Pilgrim Replacement Upper Support Stress Analysis (Pilgrim Report GE-NE-000-0061-6304-R4-P) used a friction factor of 0.3 between the bearing interface of the horizontal arm of the upper support and the shroud flange, which is a typical value for such applications, and is also consistent with GE standard design specification for Core Support Structures. This value is within the range used for wetted steel in engineering references. However, a sensitivity study was performed to assess the effect of different friction coefficient values on the upper support stress. The friction coefficients of 0.2, 0.3, and 0.4 were used in the sensitivity analyses. The results of these analyses showed that stress increased with increased friction coefficients, the change in the Pm+Pb+Q+F stress in the upper support due to the above friction coefficients is negligible (< 1%) and, as a result, the design is insensitive to the friction coefficient used.

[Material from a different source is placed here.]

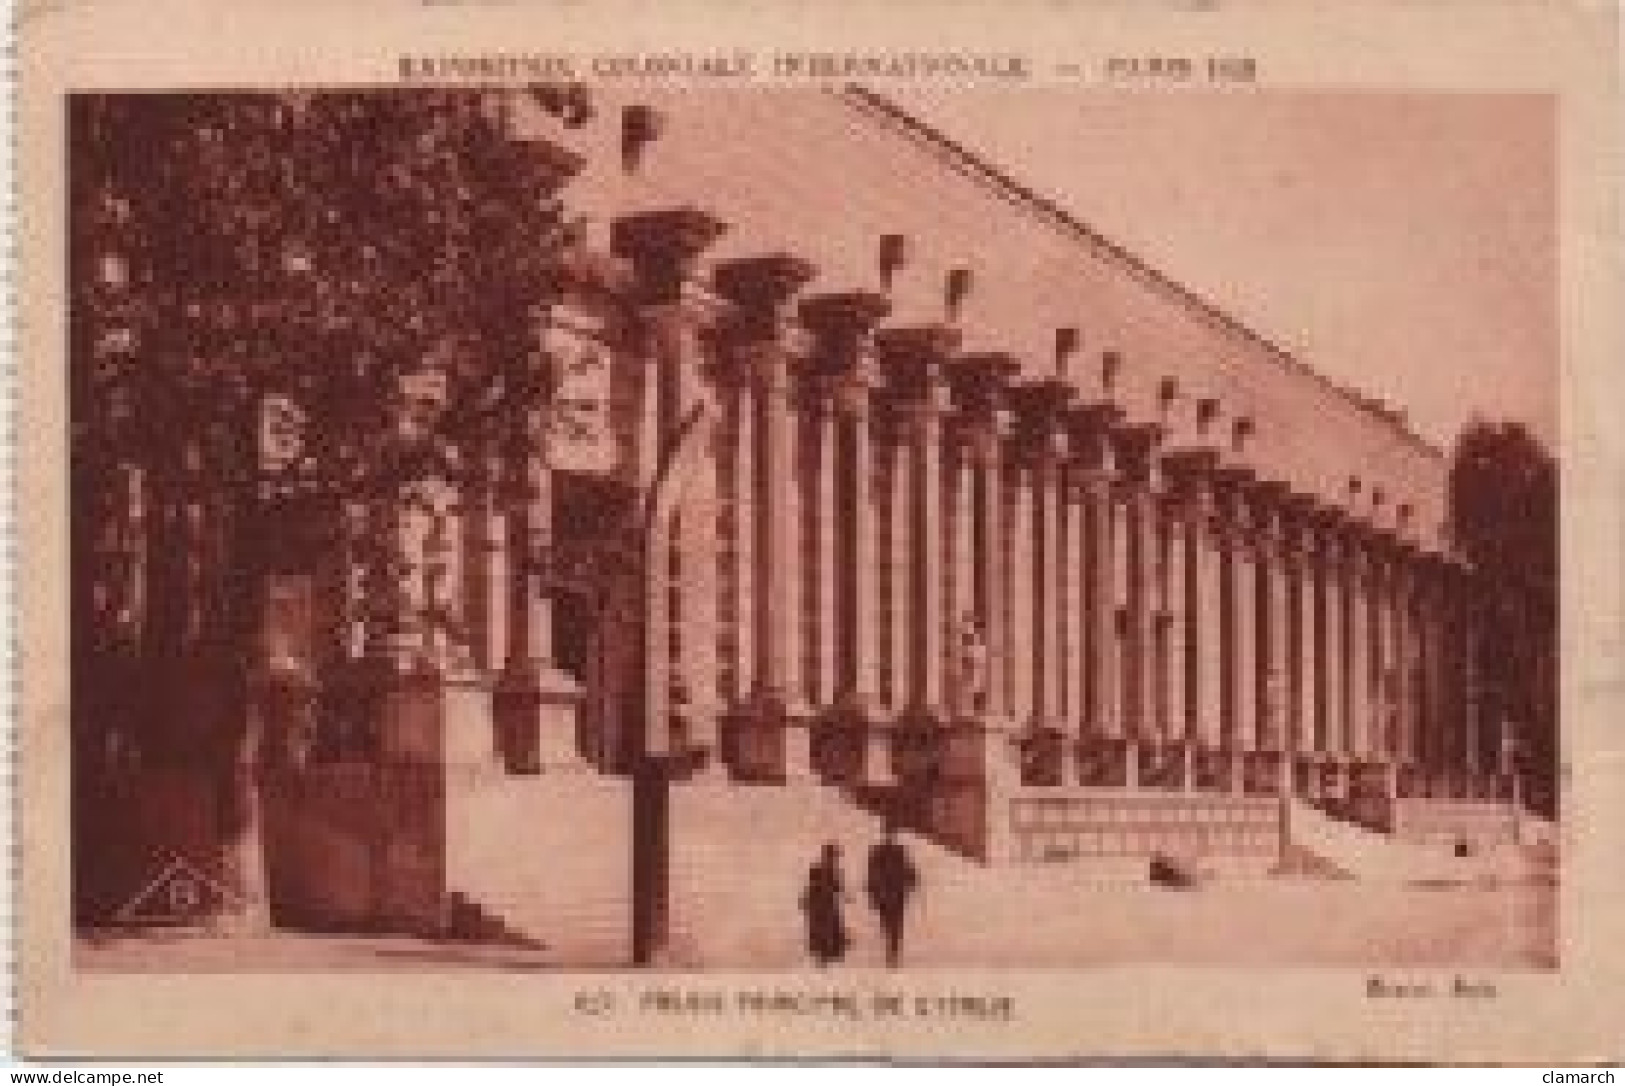 LOT de 124 CPSM de PARIS Exposition Coloniale de 1931-Toutes différentes-BE- frais d'envoi pour la F 6.30
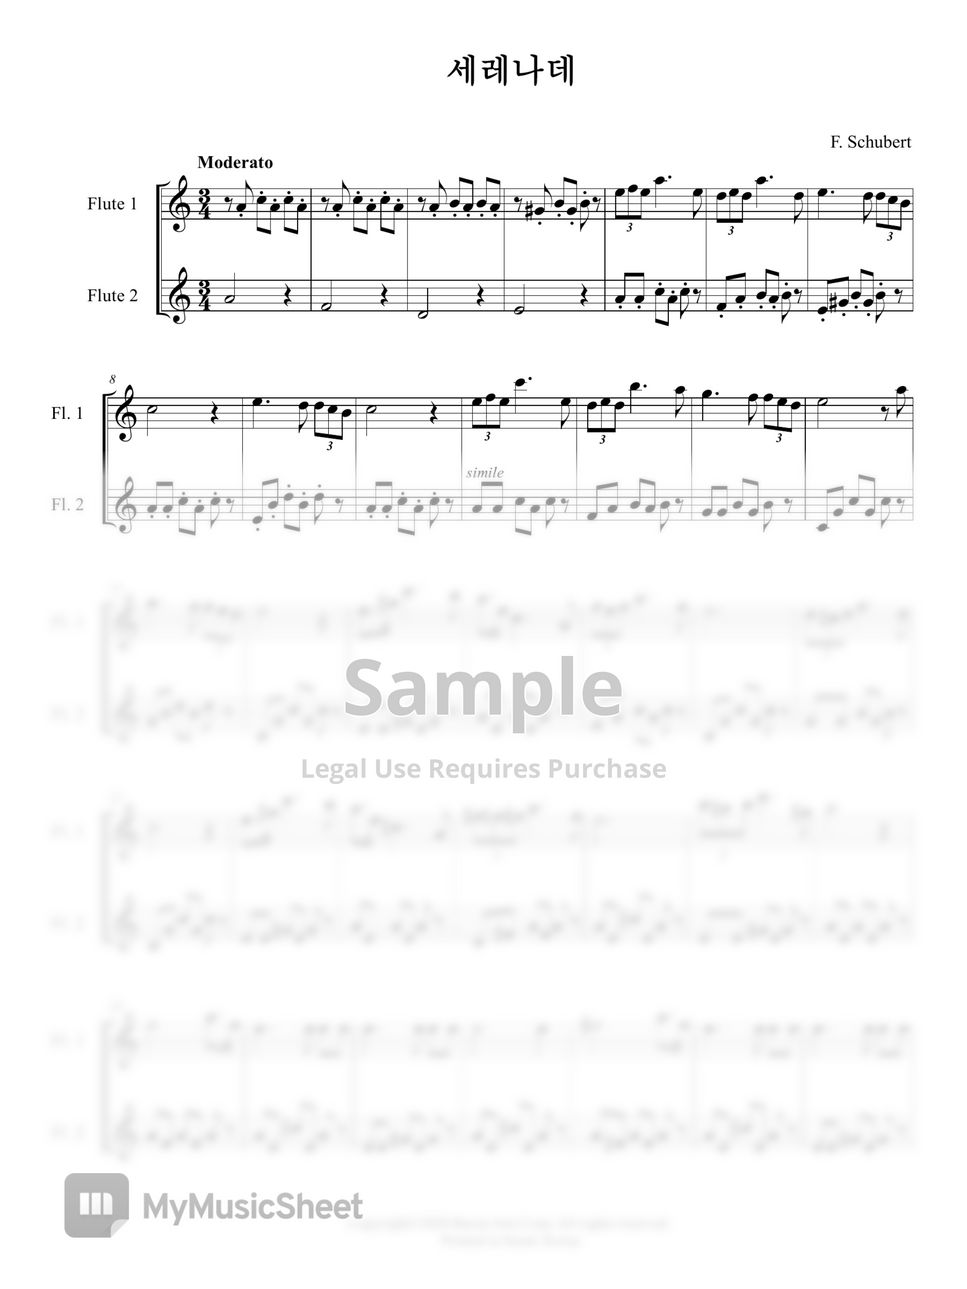 F. Schubert - 세레나데(Serenade, Flute Duet, 플룻 듀엣 (Flute Duet) by 바론아트

Hence, resistance of the upper support to IGSCC is not impacted.

Based on the licensees response and sensitivity analysis, the NRC staff concludes that licensees stress analysis has adequately modeled the interaction of the horizontal arm of the upper support and the shroud flange.

The NRC staff requested that the licensee identify analyses that users have performed to qualify the ANSYS computer code for use on safety-related components and identify staff SEs that approved the use of this code to perform FEA to determine the total stress on safety-related components.

In the April 20, 2007, letter the licensee indicated that GE has used ANSYS for several RPV internals evaluations (e.g., Clinton Power Station Unit 1 - Core Shroud Repair, Docket No. 50-461). In addition, ANSYS applicability and validity was demonstrated by running a series of verification cases (over 200) that exercise the elements and options used in the finite element code. The verification cases were extracted from textbooks in which classical or theoretical solutions are published.

Since GE has validated the ANSYS computer code, its use for determining principle stresses in the safety analysis is acceptable.

In its design review of the current tie rod modification, the NRC staff compared the load cases and load combinations that were used in the original analysis (licensees submittal dated January 16, 1995) with that of the current modification.

The original analysis included loading conditions for normal operation; two upset conditions; three faulted conditions, and three emergency conditions. However, the licensee used load cases representing one emergency condition and one faulted condition for the current modification.

The licensee in its response dated April 20, 2007, stated that the stress analysis for the replacement upper support was performed for the bounding (largest) load for the faulted and emergency conditions, and this analysis is consistent with that of the original design. The NRC staff finds this response acceptable because the licensee used bounding analysis and this methodology is consistent with the original design analysis.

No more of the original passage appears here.